Thursday, May 31, 2018

I Am Thinking & I Think

Thinking is underutilized. 

My best thinking is done when I walk around the office as if I am in a daze. The wheels are almost always turning so the dazed-look is well deserved and hard-earned. When, during this process, I come to some conclusion, the dazed look will disappear and I am back to digging and doing. 

I really should do more thinking in an environment where people don't view me as milling around. Maybe I am sending the wrong message because I am not in the figurative ditch, feverishly thinking. But the process of thinking is extremely valuable and productive. When I think I can come to reasonable conclusions (hopefully) and make a decision to either draw a line or get help. Either way, the thinking leads me to some meaningful action and discourages the, ready-fire-aim, knee-jerk reaction.

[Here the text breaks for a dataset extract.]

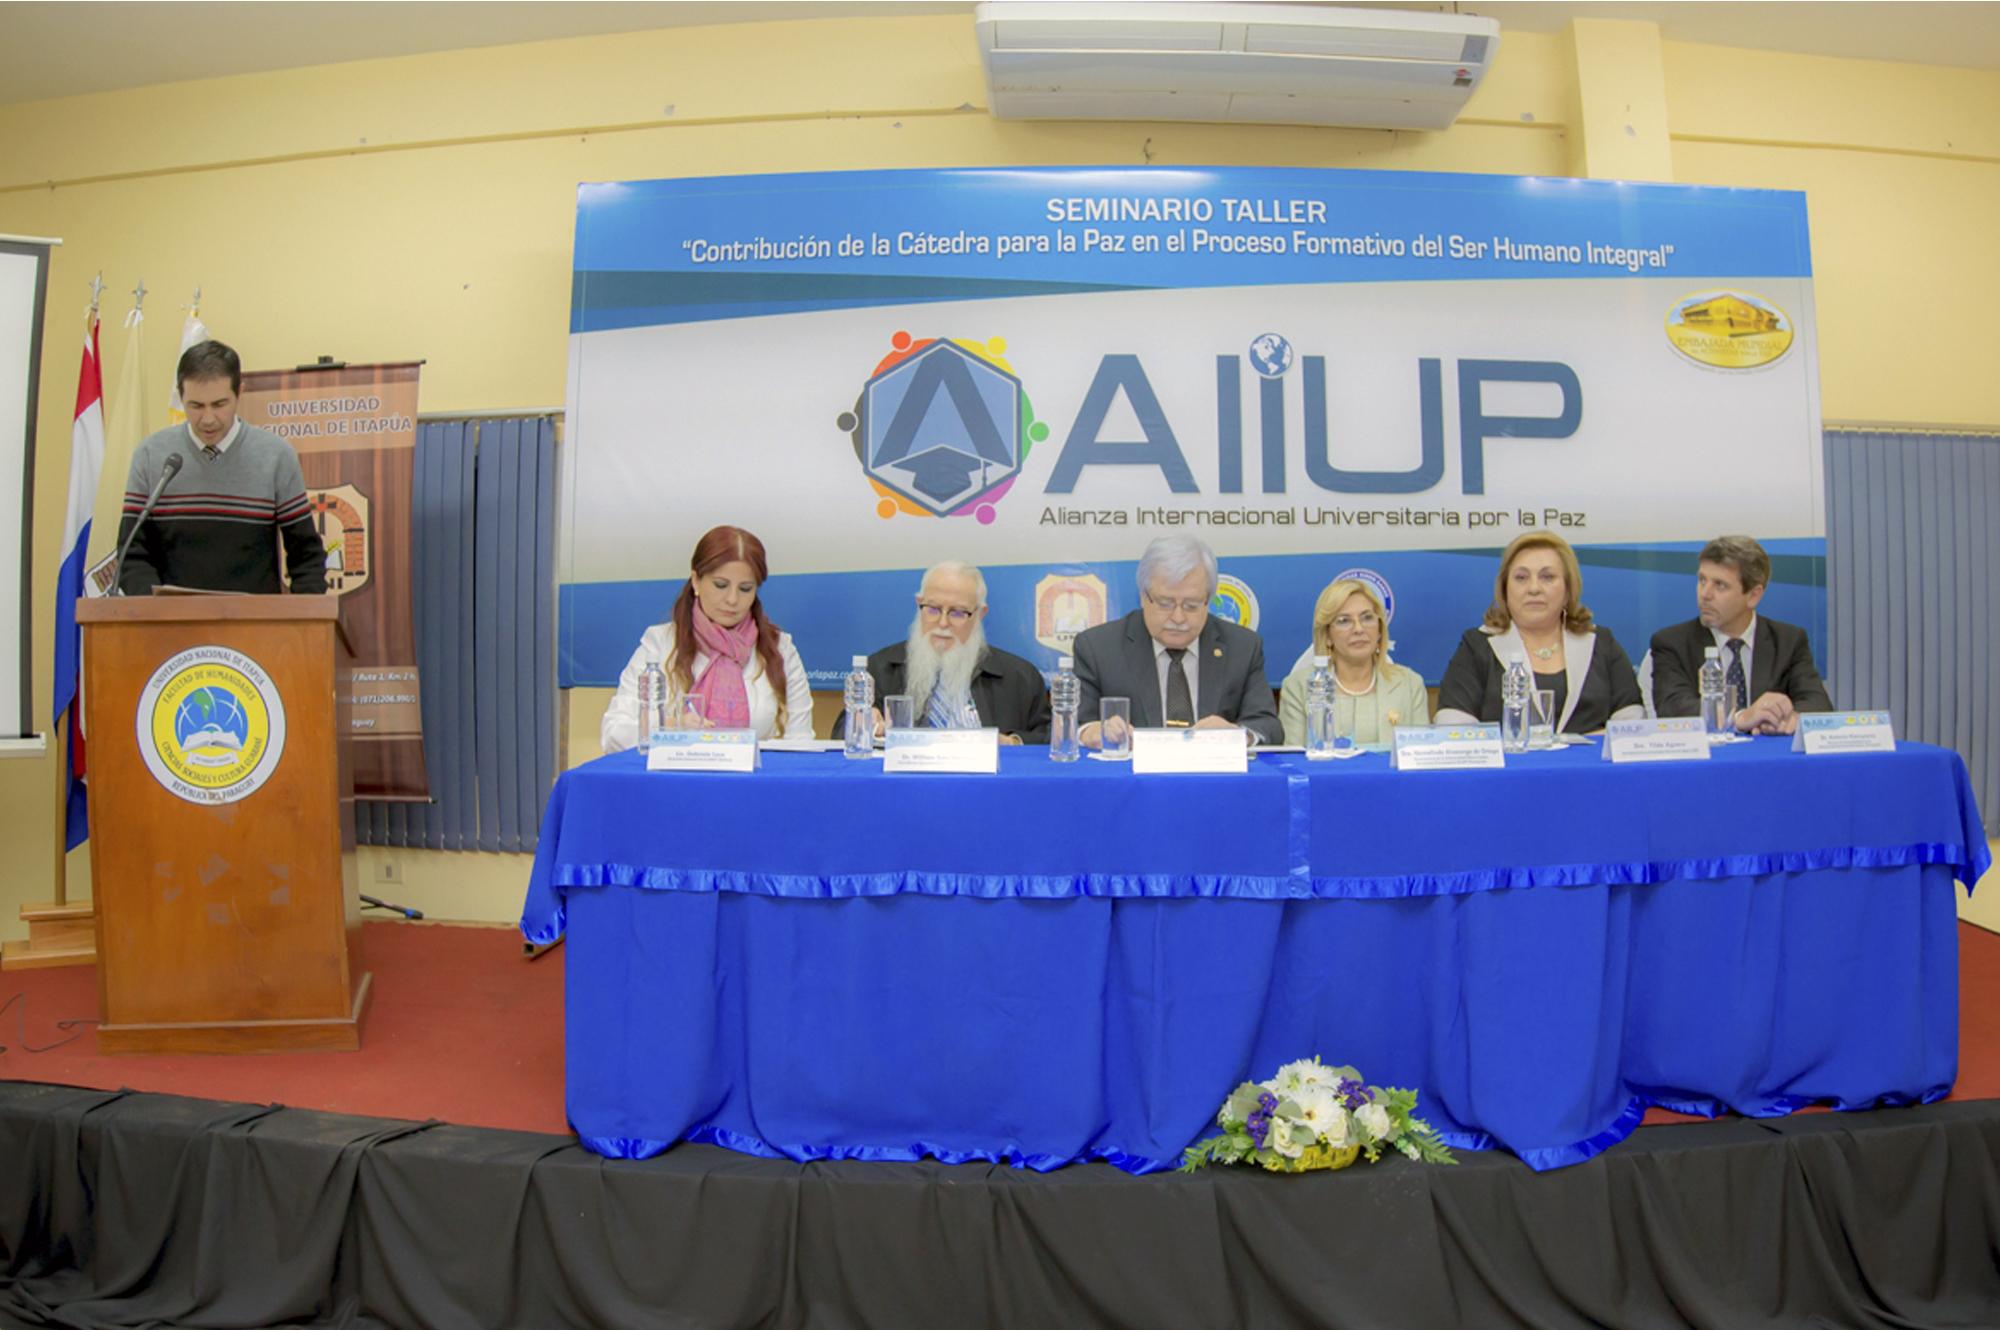 """CÁtedra Por La Paz: Primer Seminario Taller """"Contribución De La Cátedra"""
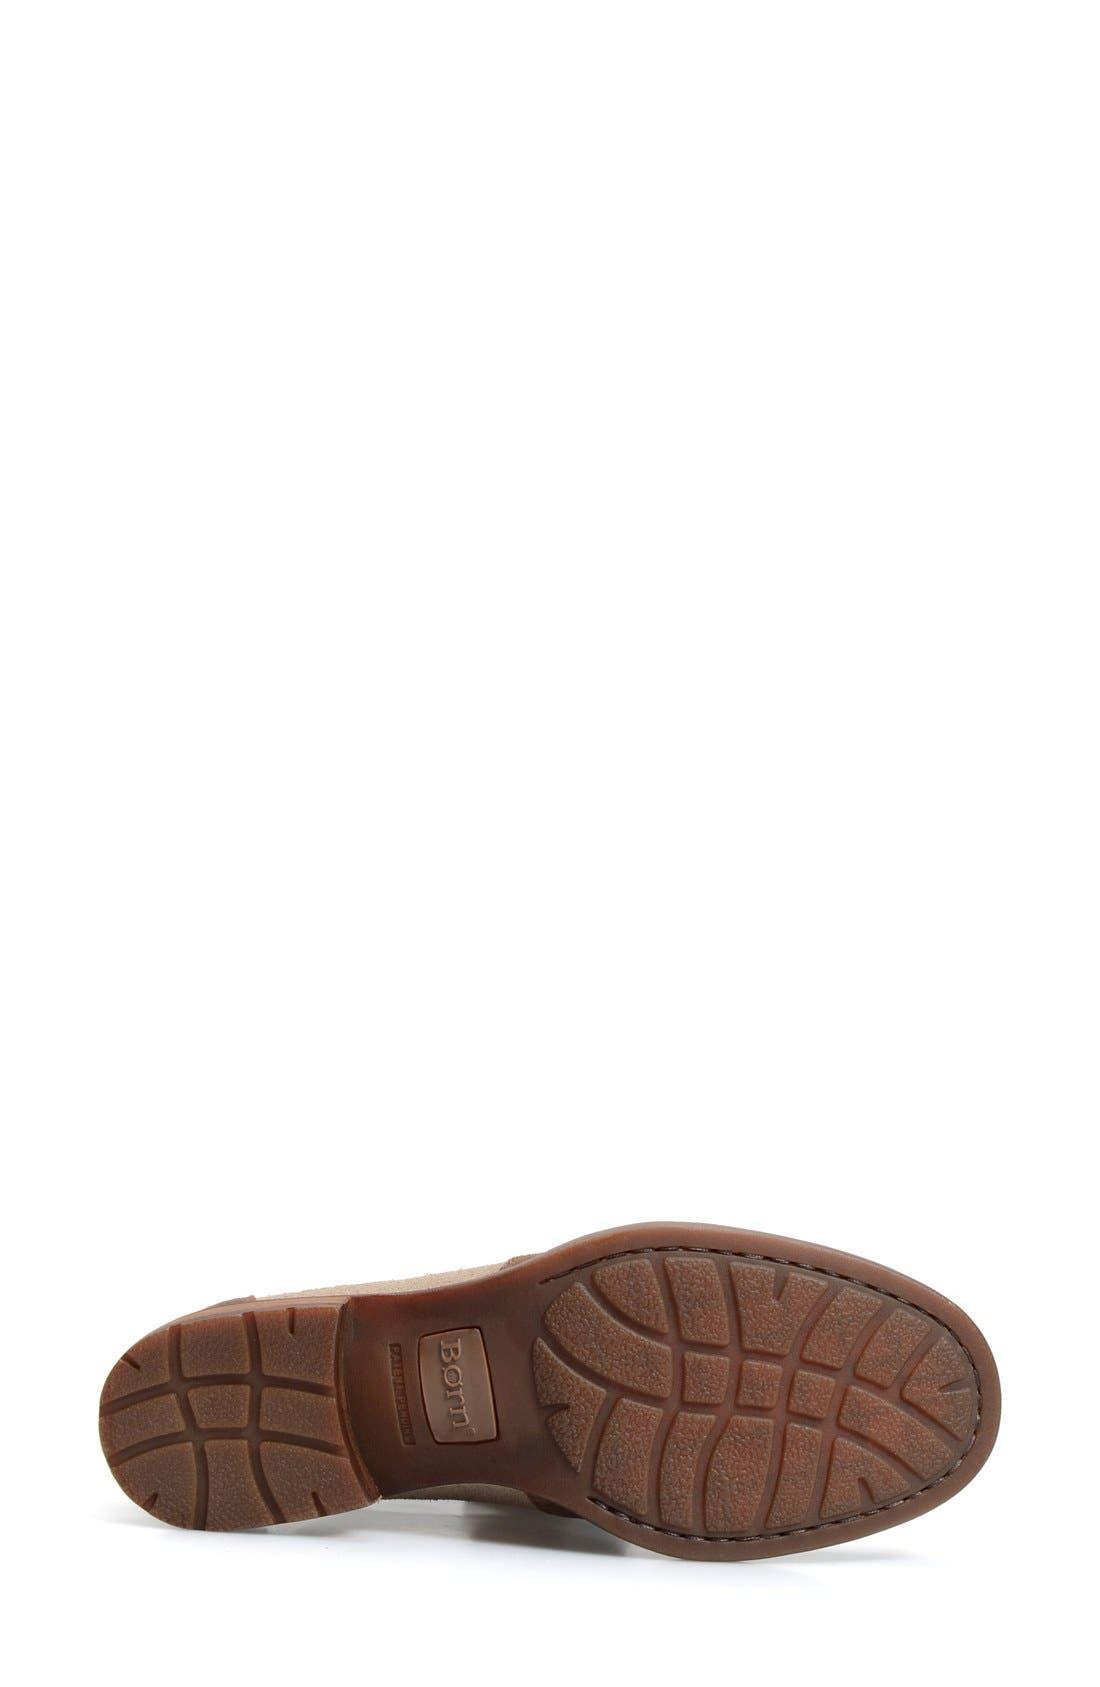 'Posh' Cutout Bootie,                             Alternate thumbnail 4, color,                             Brown/ Castoro Leather

 A good and very successful friend goes in an hour early, every day, just so he can think!

Thinking is underutilized, "I think" is over utilized.

Here, we teach that there is room for opinions in our business discussions, but not much. What you think is not helpful, what you know is invaluable. 

People really don't care what you think and I am high on that list. People care deeply about what you know supported by what you can prove. Sure, people will be nice and considerate when you espouse your opinions, but they have their limits, so don't waste their time or yours. 

"Better to remain silent and be thought a fool than to speak and to remove all doubt.
— ABRAHAM LINCOLN.




Wednesday, May 9, 2018

Passion or Performance

Passion will take you to performance. Performance will not take you to passion. Passion is a choice, performance is not. There is a clear difference between passion and performance. A difference that if you don't have passion, you will not notice. Nor will anyone else. If you have passion the difference is breathtaking!

Passion is hot. Set yourself on fire and people will come from miles away to watch you burn.

Performance is dry and cold and without passion. Passion will drive you to take action and increase your levels of activity in order to reach the next milestone. Passion requires love for what you are doing. Passion is not risk averse.

Performance will never be enough to make you stand out and be remembered. Performance is a has-been. Passion is a will-do. 

Passion will get you out of bed in the morning and have you running headstrong into the issues and opportunities you will face during the day. Performance will expect you to get out of bed but will only suggest that you move. Performance will not fan the flames of accomplishment.

Passion will have you demonstrable, to a point of lunacy, when you experience even the smallest victories or learn something new. Performance will plod along stepping boringly through the labyrinth of ho-hum tasks that must be done to get something, anything done.

Passion is absolutely necessary in order to be extraordinary. Performance is ordinary. If you want to be extraordinary, you have to first, stop being ordinary and passion will drive you to that place where you are not like everybody else. Let everybody else be like everybody else.

The common illusion is that to be extraordinary you have to work all the time and fully devote all of your energies to the endeavor. That is not the case. What you have to do is make the most of the time you have when you are working. Don't think of reasons you can't so something, rather think of reasons you can, and passion will lead you to that kind of thinking.